Over the course of several months of therapy with Walcott, Jonah Barrow went from not being able to sit up in bed long enough to play an instrument to performing on stage with Walcott at a local music festival.

Courtesy of Like Minds Communications

Jonah Barrow and Ty Walcott, music therapists at TIRR Memorial Hermann, perform at ReelMusic in February 2023.

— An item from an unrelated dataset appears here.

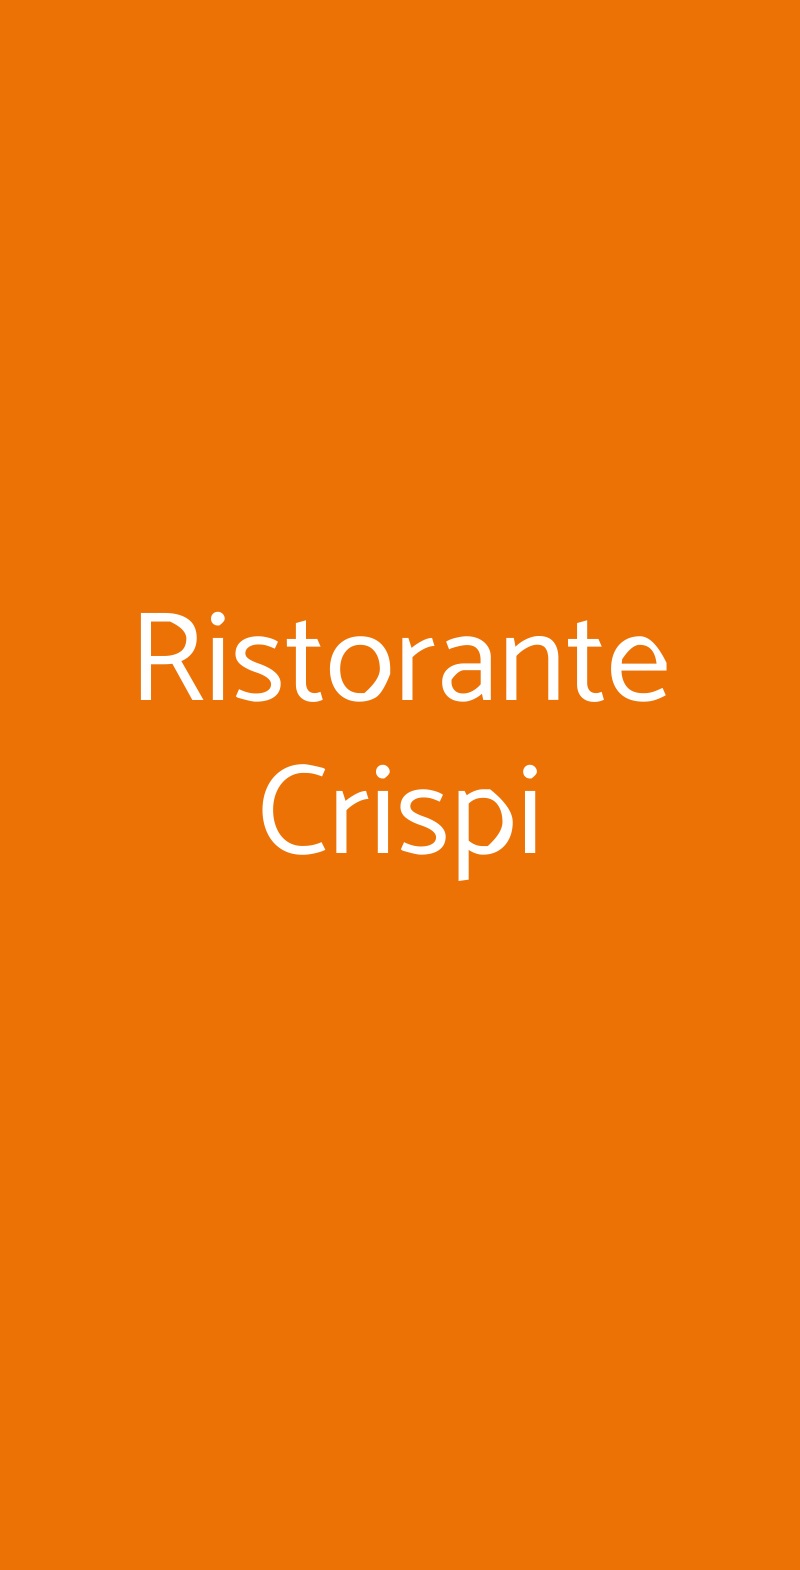 Ristorante Crispi Milano menù 1 pagina

“Not being able to hold your instrument is like losing an arm, losing your hands, losing your legs, because it’s a part of you. It’s what makes you you,” Walcott said. “So it was a huge milestone for him to not only be able to play, but to be able to play for other people because that’s what he wants to do.”

Jonah Barrow said he sees reconnecting with music as a turning point in his recovery.

When he arrived at TIRR Memorial Hermann, he said he was still struggling with the “internal conflict” of his feelings over the fact that he survived.

“Because I was still depressed, a part of me was still struggling with, ‘I wish it worked,’ ‘I’m happy it didn’t work out,'” he said, adding, “But when I started working on myself every day , and knowing that if I just keep trying and go at it with a positive mindset and a goal to get better, it’s worked great for me.”

Courtesy Jonah Barrow

Jonah Barrow receives music therapy at TIRR Memorial Hermann in Houston, Texas.

Jonah Barrow will graduate from high school this month and plans to attend college with the goal of pursuing music as a career.

He said he wants people to know that suffering looks different for different people and that there is no shame in talking openly about mental health issues.

“I believe a lot of people are suffering in silence,” he said. “And I can only encourage them to just speak their truth, whatever it is.”